Доминиканский приор.

- Передай приору, что дон-Жуан Альварец де-Сантильянос и-Менния желает немедленно говорить с ним,-- сказал Жуан едва проснувшемуся послушнику, который вышел на его зов с фонарем в руках.

- Господин мой только что лег и его нельзя теперь тревожить,-- отвечал послушник, смотря с изумлением на посетителя, который в три часа утра требовал аудиенции у великого человека.

- Я подожду,-- сказал Жуан, входя во двор. Послушник ввел его в приемную комнату; потом, широко открыв дверь, сказал:

- Прошу прощения вашего сиятельства, но я не разслышал вашего высокопочтенного имени.

- Дон-Жуан Альварец де-Сантильянос и-Менния. Оно хорошо знакомо настоятелю.

По выражению лица послушника было видно, что оно ему также знакомо, равно как с этой ночи и всему населению Севильи. Это имя было теперь покрыто позором.

- Да, да, сеньор,-- проговорил торопливо послушник и быстро закрыл дверь.

Что привело его сюда? Хотел ли он обвинить доминиканца в убийстве своего брата, или только упрекнуть его в том, что он, ранее обнаруживший жалость в бедному узнику, не спас его от этой ужасной смерти? Он сам хорошенько не сознавал. Он явился сюда под влиянием непреодолимого, безотчетного порыва негодования и жажды мести, хотя и не подумал о более виновном Мунебраге.

Нужно отдать справедливость фра-Рикардо, что сон бежал от глаз его в эту ночь. Когда послушник наконец решился доложить ему, что его желал видеть дон-Жуан, он еще молился стоя на коленях перед Распятием. В голове его преобладала одна мысль: "Спаситель мира,-- Ты, Который перенес столько страданий за нас,-- неужели я в слабости своей пожалею врагов Твоих и Твоей церкви?"

- Внизу ожидает Альварец де-Сантильянос и-Менния,-- сказал послушнив.

В этот момент дон-Рикардо скорее предпочел бы положить свою руку в огонь, нежели встретиться с человекомь, носившим это имя. Но по той же причине, как только он услышал это имя, он тотчас же набросил на себя свою рясу, взял в руки лампу (потому что еще было темно) и спустился к своему посетителю. Его душевное состояние в эту ночь было такое, что всякое мучение могло доставить ему облегчение.

- Да будет мир с тобою, сын мой,-- приветствовал он своего посетителя, входя в приемную. Он смотрел на Жуана с чувством сожаления, как на последняго из обреченной на погибель фамилии.
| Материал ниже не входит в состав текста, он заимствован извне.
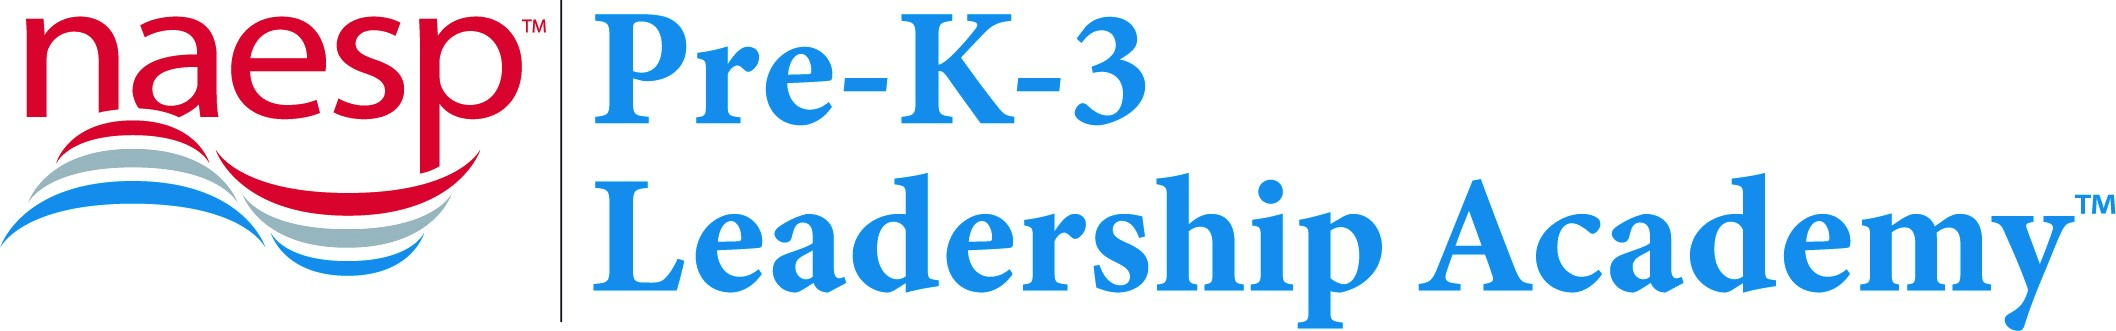 NAESP Pre-K-3 Leadership Academy

- Пусть мир твой остается при убийцах, подобных тебе, или клевретах, исполняющех вашу волю; я отвергаю его с презрением,-- отвечал с негодованием Жуан.

Доминиканец отступил на шаг; но он был мужественный человек, и его истомленное внутреннею борьбою и ночным бдением лицо сделалось только немного бледнее.

- Ужь не думаешь ли ты, что я угрожаю тебе? - воскликнул Жуан.-- Я не воснусь волоска с твоей бритой головы. Смотри! - и он бросил от себя свою шпагу, которая упала со звоном на пол.

- Молодой человек, ради твоей безопасности и чести, тебе было-бы приличнее переменить тон,-- сказал с достоинством приор.

- Я не думаю о своей безопасности. Я смелый, грубый солдат, привычный в опасностям и насилию. Хорошо, еслиб вы угрожали только подобным мне. Но, в своей диавольской жестокости, вы принесли в жертву моего юного, кроткого брата, который никому в своей жизни не сделал зла. В течение тридцати двух долгих месяцев он томился в ваших ужасных темницах.... и одному Богу известно, каковы были его страдания.... наконец, вы предали его этой безчеловечной смерти. Я проклинаю вас! Проклинаю вас! Нет, чего стоит мое проклятие? Я призываю на вас проклятие Божие! Да воздаст Он вам по делам вашим! Когда наступит день суда Его,-- не вашего суда инквизиции,-- да воздаст Он вам, убийцы невинных, мучители праведных, за каждую каплю пролитой вами крови, за каждую слезу и за каждое страданье!

- Человек! - воскликнул он, ты безумствуешь; святая инквизиция.....

- Есть учреждение самого дьявола и слуг его,-- прервал его Жуан, не думая о последствиях своих слов.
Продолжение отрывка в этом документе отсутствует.